Viver para contar: de férias na Montanha Mágica

Enredo um

Uma criança nascida e criada na metrópole viaja para um sítio pela primeira vez, nas férias. Fica deslumbrada com tudo o que vê pelo caminho, principalmente com os animais. Principalmente com a vaca. A mãe da criança, querendo introduzir o filho em uma relação respeitosa e reverencial com a natureza, propõe agradecerem à vaca pelas maravilhas que nos oferece – ou que tomamos a ela, quase sempre, sem pedir licença. Sugere, assim, que agradeçam pelo leite quentinho de todas as manhãs. A criança, então, fica perplexa: nunca tinha imaginado que aquele leite comprado em caixinha no supermercado pudesse sair das tetas – dos úberes! – daquele bicho fantástico. Embora embevecida pela beleza da vaca, não pode suportar certa dose de náusea que lhe ocorre ao descobrir que grande parte da sua nutrição provém desse bicho que, digamos, exótico assim, é “animal demais” para as nossas consciências demasiado urbanizadas.

Enredo dois

Quando descobre que a vaca é a fonte do leite de todas as manhãs, outra criança quer saber de qual das tetas – dos úberes! – daquele ente extraordinário sai o leite com chocolate!

Enredo três

Ao descobrir a origem do leite de todas as manhãs, uma outra criança resolve questionar por que as vacas adultas não bebem leite da própria espécie, enquanto nós, seres humanos crescidos e que não tomamos mais leite humano, continuamos consumindo o que a princípio é só para os bezerros das vacas…

O desfecho dos enredos esboçados acima pode ter inúmeros desdobramentos, tanto quanto são inúmeras as experiências despertadas. E sejam como forem essas experiências, uma coisa é inegável: elas se impõem como experiência, exigem e precisam ser narradas. Narradas por quem as viveu – por quem se modificou ao tê-las vivenciado.

Não será assim que as crianças e os jovens voltam das férias, professor – de alguma forma, modificados? Não é assim que professores e professoras também retornam para a sala de aula? Seja onde for que tenhamos ido, a volta é sempre uma enorme sede de contar.

Contando é que elaboramos o que vivemos, criamos sentidos novos, reatualizamos vínculos, nos damos a conhecer (ou a descobrir) no ato criativo essencial de nos inventarmos na potência das palavras. Só uma roda de conversa, só um espaço do dizer e da escuta pode acolher essa necessidade primária de nos criarmos e recriarmos incessantemente pela força da linguagem. Sempre que acolhidos num espaço de ouvir e de narrar, nosso ser se manifesta – e de uma maneira que nós mesmos nem imaginávamos até o momento em que começamos a falar. Para lembrar o escritor Gabriel García Márquez: é um viver para contar.

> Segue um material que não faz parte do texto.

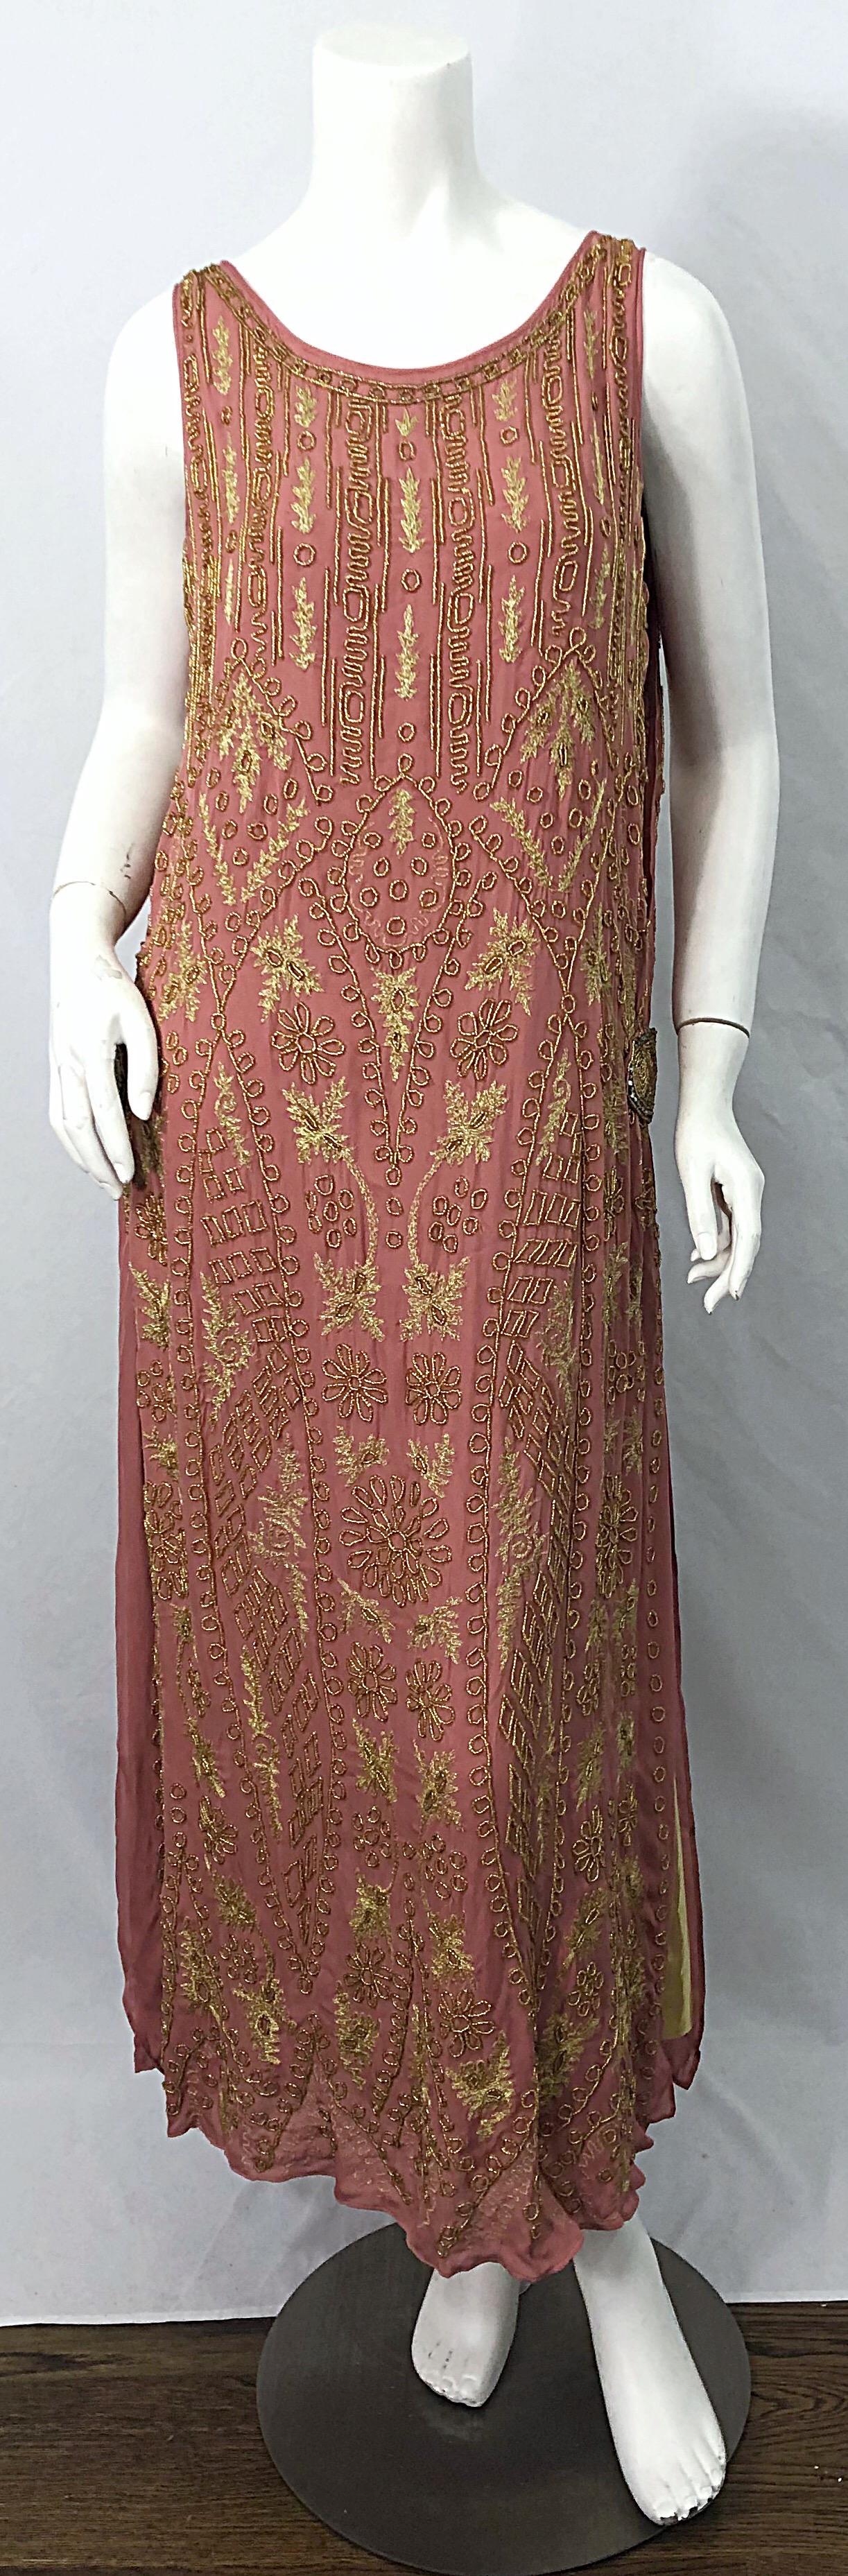 Phénoménale robe de couture française des années 1920, rose et perles dorées, de style Gatsby ! Le plus beau rose du monde, avec des panneaux dorés à chaque extrémité. Boucles en strass sur chaque hanche. Il suffit de l'enfiler sur la tête. Broderie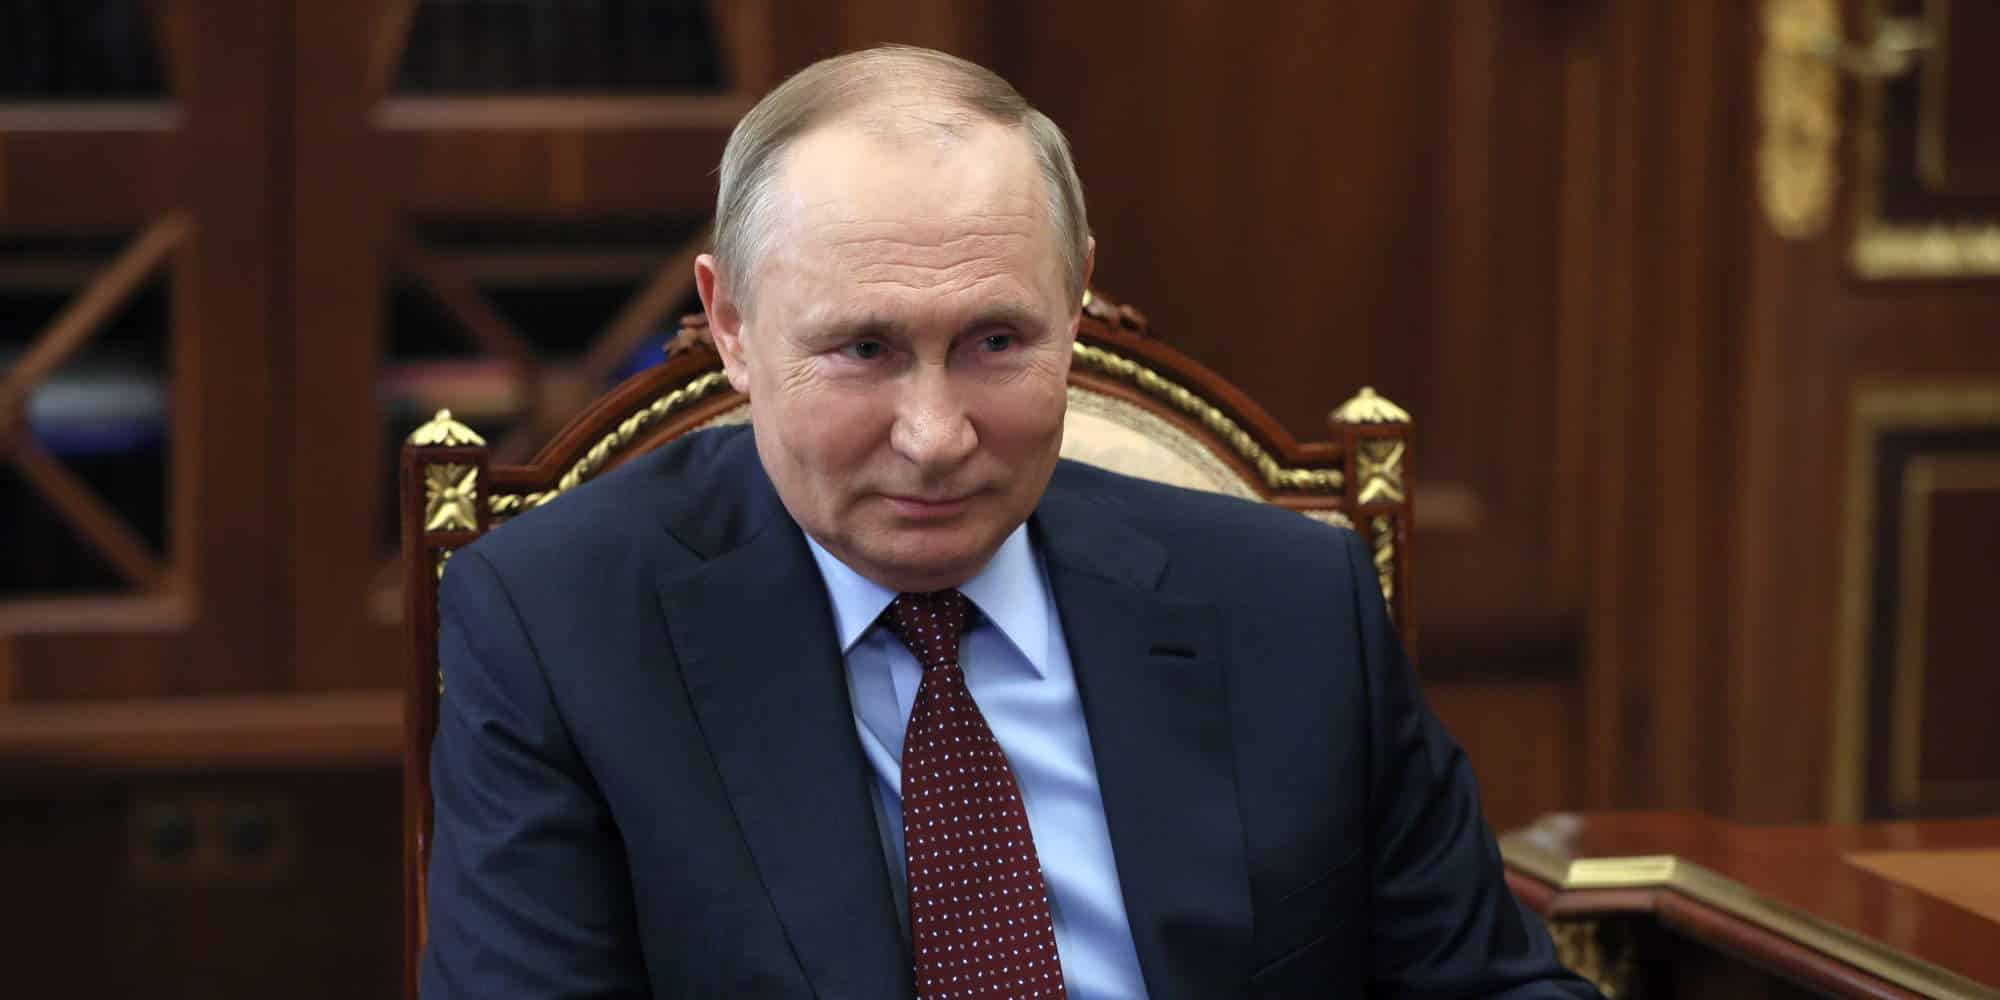 Ο Ρώσος πρόεδρος Βλαντιμίρ Πούτιν

E se algumas viagens, nas férias rápidas do meio do ano, não foram mais do que um breve passeio, também não foram menos que isso, e é o quanto basta para se ter o que narrar. Porque a narrativa que nos modifica não brota exatamente do tempo, mas do espaço. É o que nos garante o escritor alemão Thomas Mann já nas primeiras páginas do romance A Montanha Mágica:

“O espaço que, girando e fugindo, se roja de permeio entre ele e seu lugar de origem, revela forças que geralmente se julgam privilégio do tempo; produz de hora em hora novas metamorfoses íntimas, muito parecidas com aquelas que o tempo origina, mas em certo sentido mais intensas ainda. Tal qual o tempo, o espaço gera o olvido; porém o faz, desligando o indivíduo das suas relações e pondo-o num estado livre, primitivo (…) Dizem que o tempo é como o rio Lete; mas também o ar de paragens longínquas representa uma poção semelhante, e seu efeito, conquanto menos radical, não deixa de ser mais rápido”.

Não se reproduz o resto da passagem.